Data below:
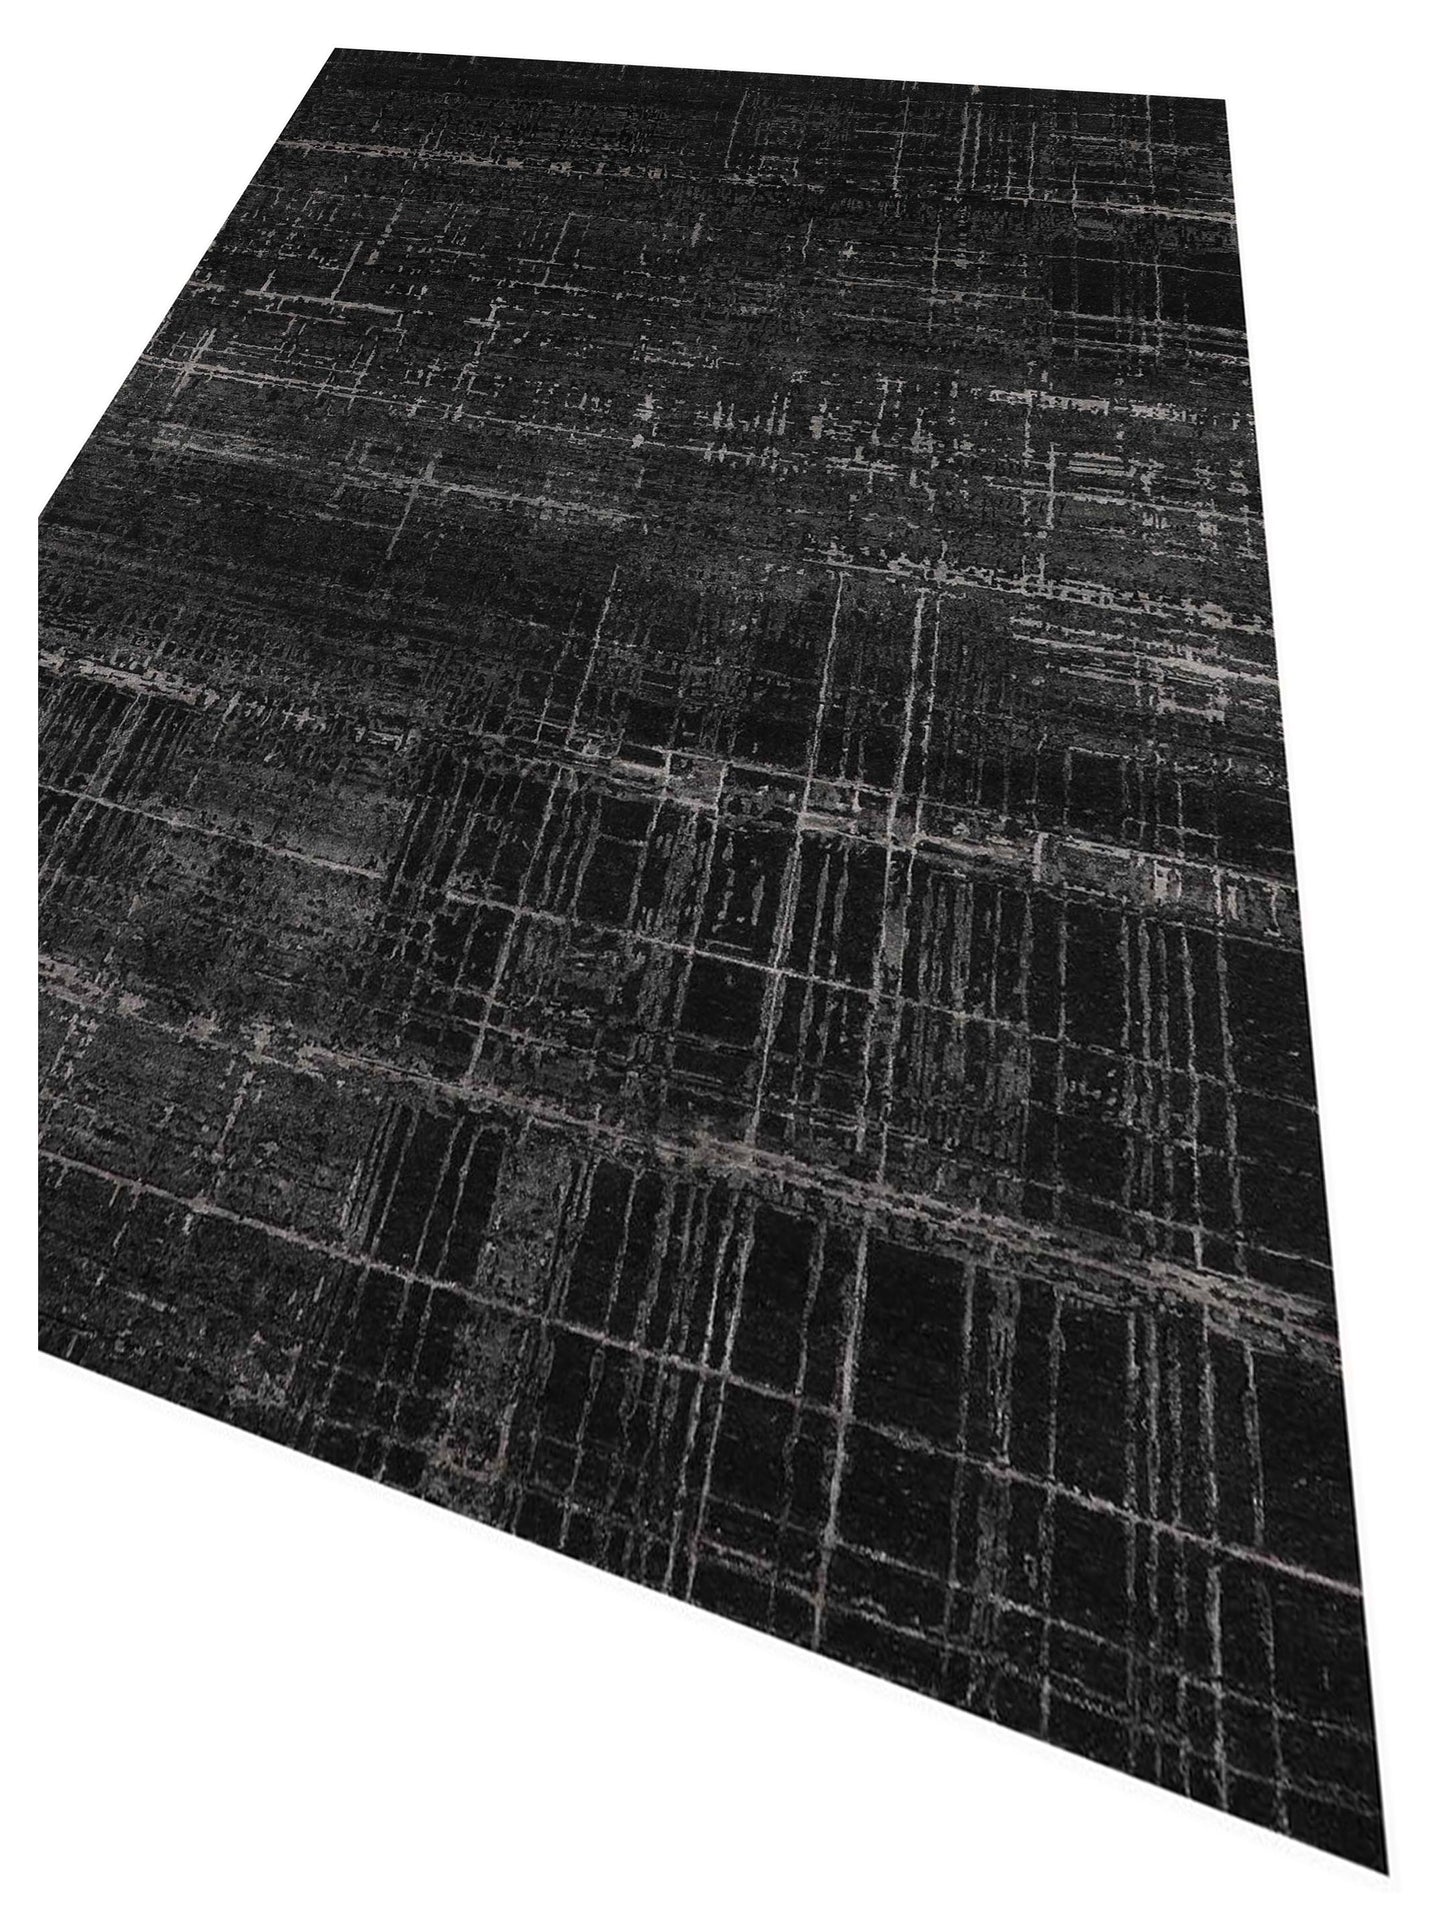 Artisan Mary  Charcoal  Contemporary Knotted Rug
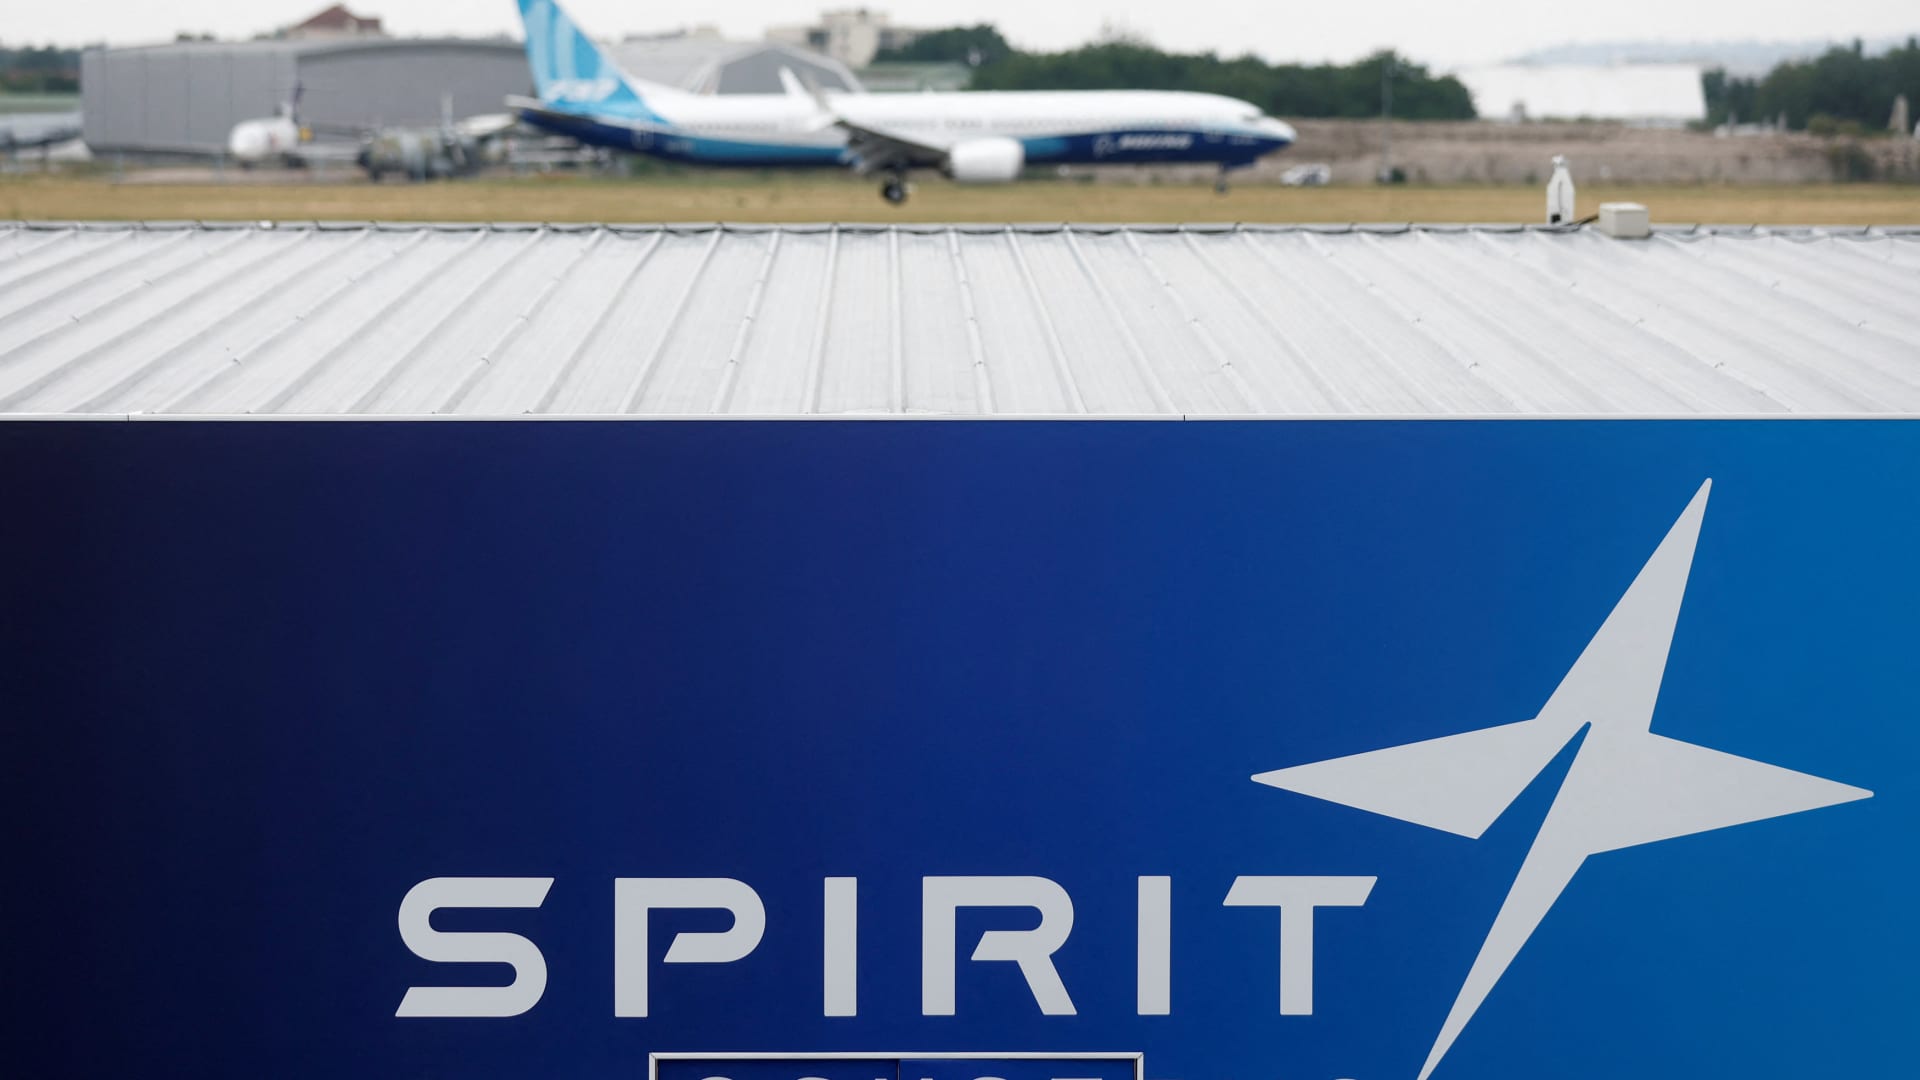 Boeing supplier Spirit AeroSystems is laying off employees due to lower deliveries
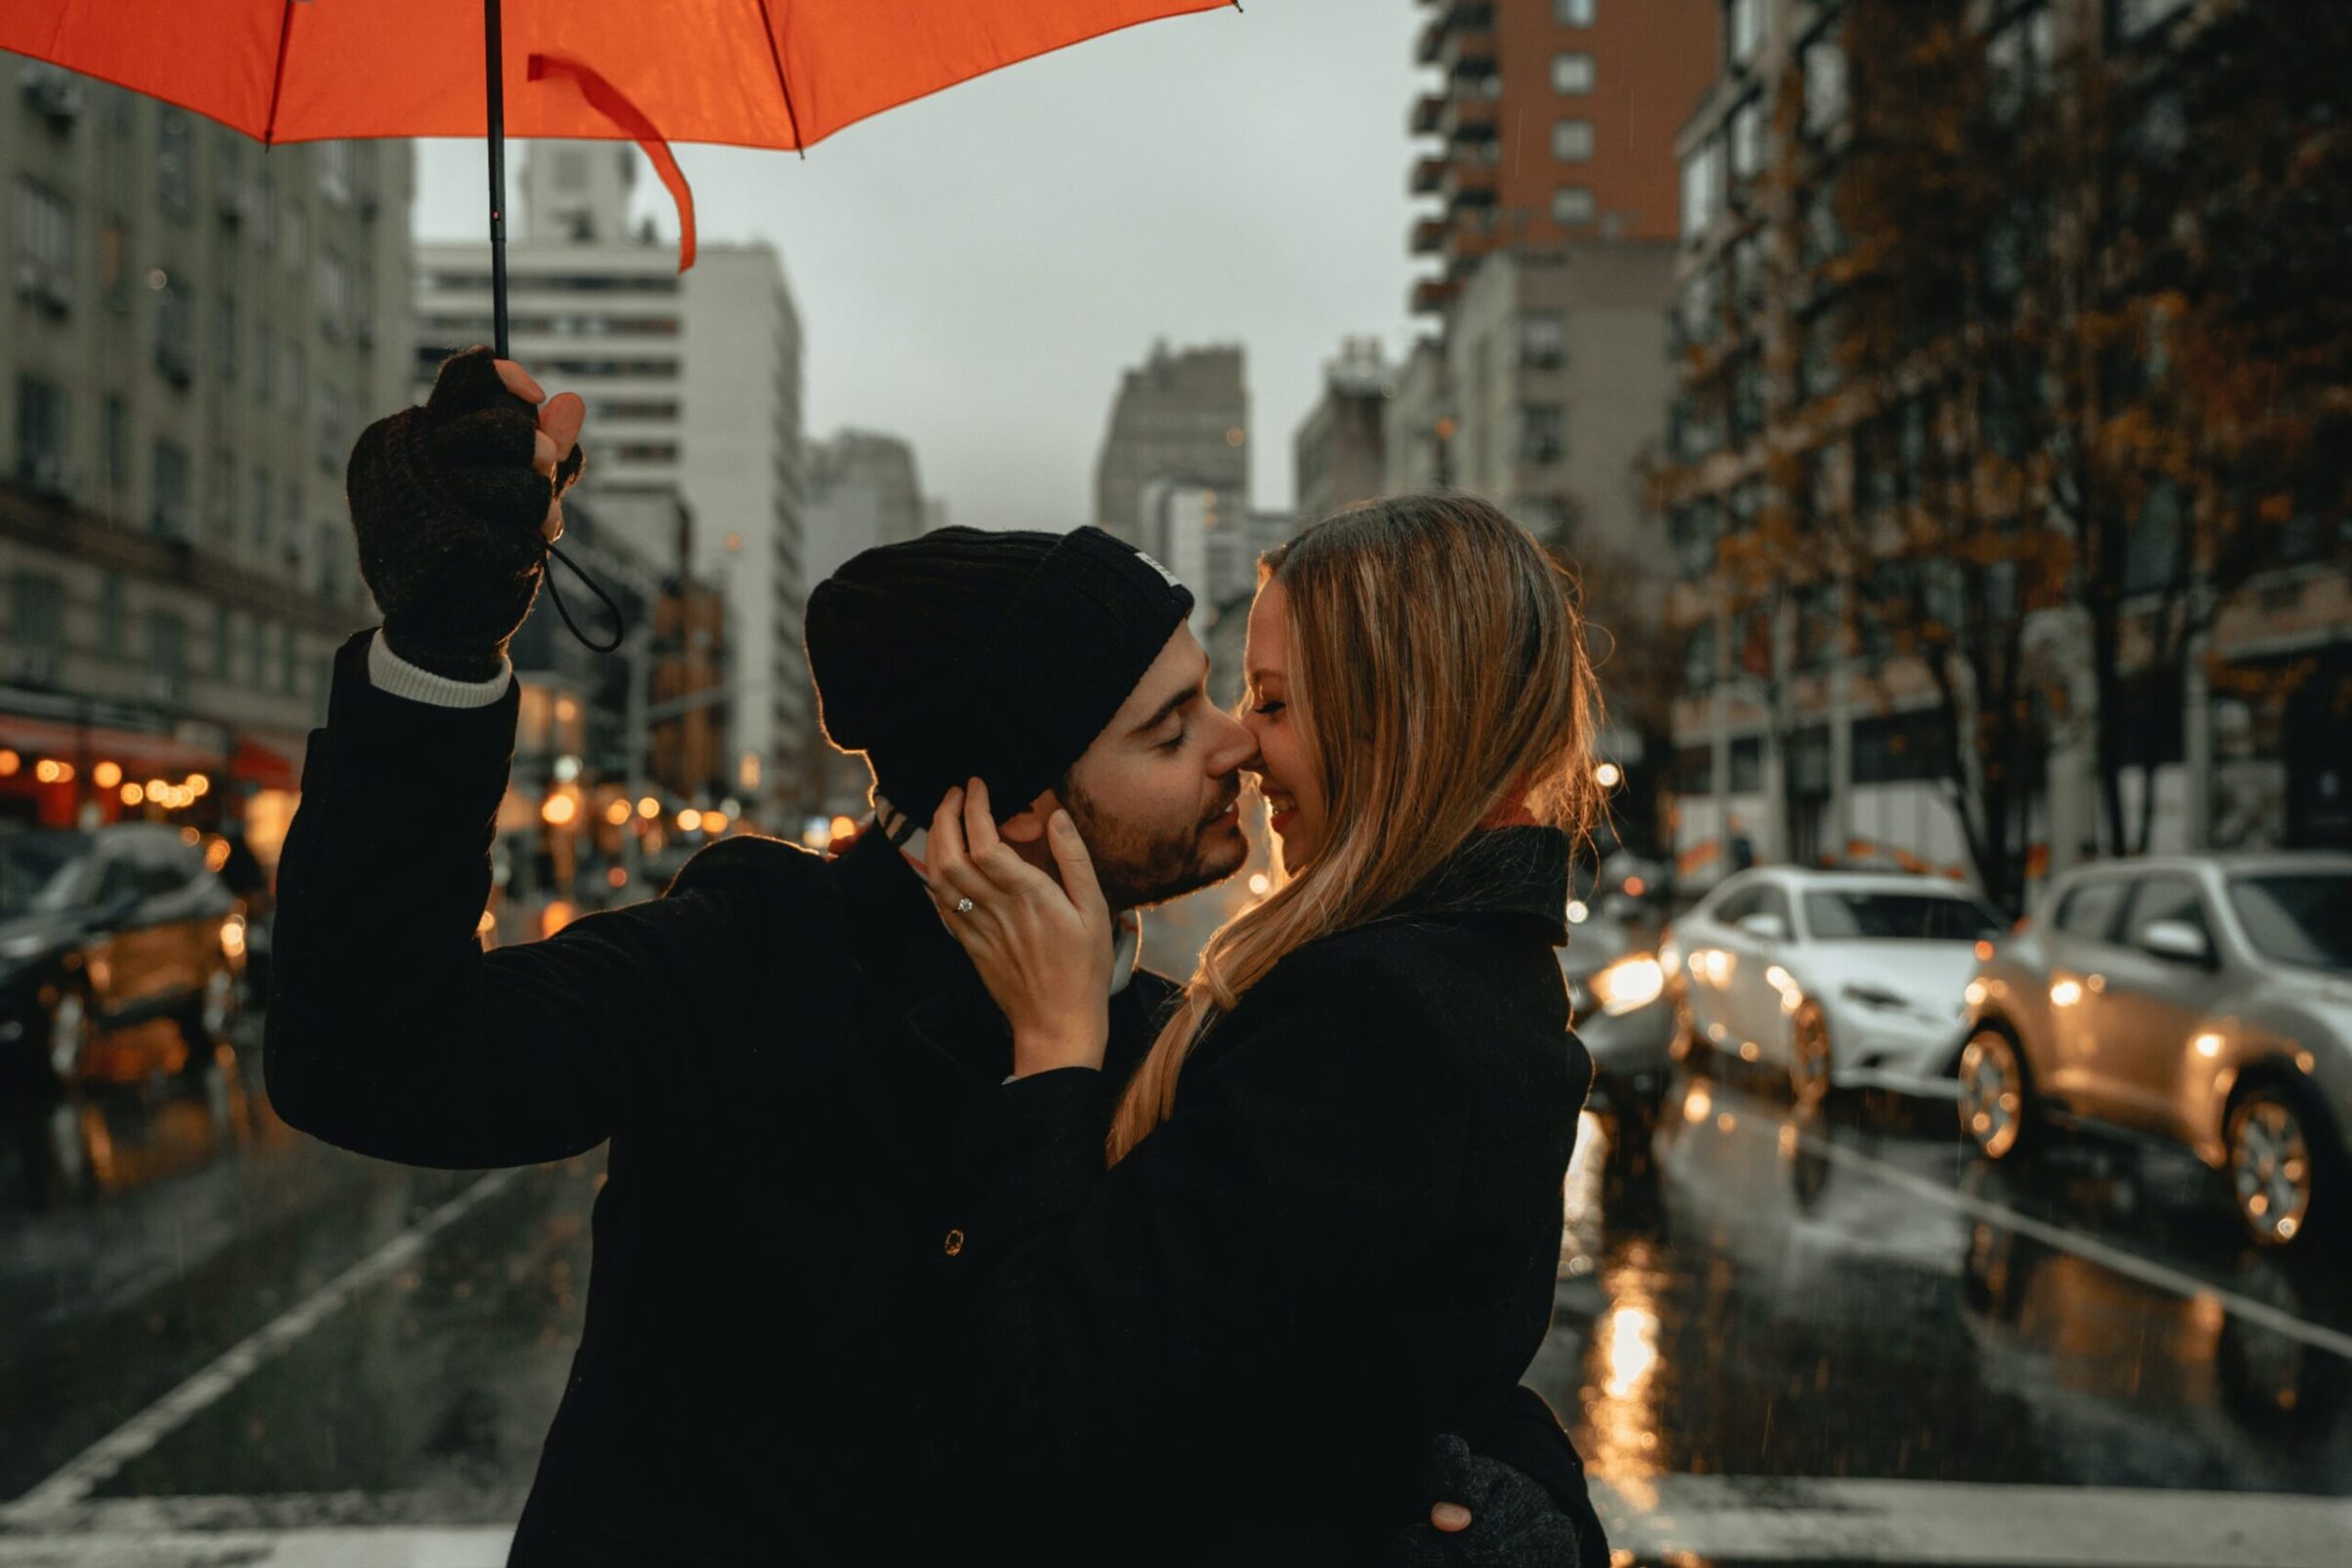 man and woman standing in the middle of a street boost intimacy by kissing. The man is holding an umbrella and there are cars and buildings behind the couple.

The task: Your copy should hold each line above exactly and no pictures at all.

Written solution:
 Artisan Mary  Charcoal  Contemporary Knotted Rug
 Boeing supplier Spirit AeroSystems is laying off employees due to lower deliveries
 man and woman standing in the middle of a street boost intimacy by kissing. The man is holding an umbrella and there are cars and buildings behind the couple.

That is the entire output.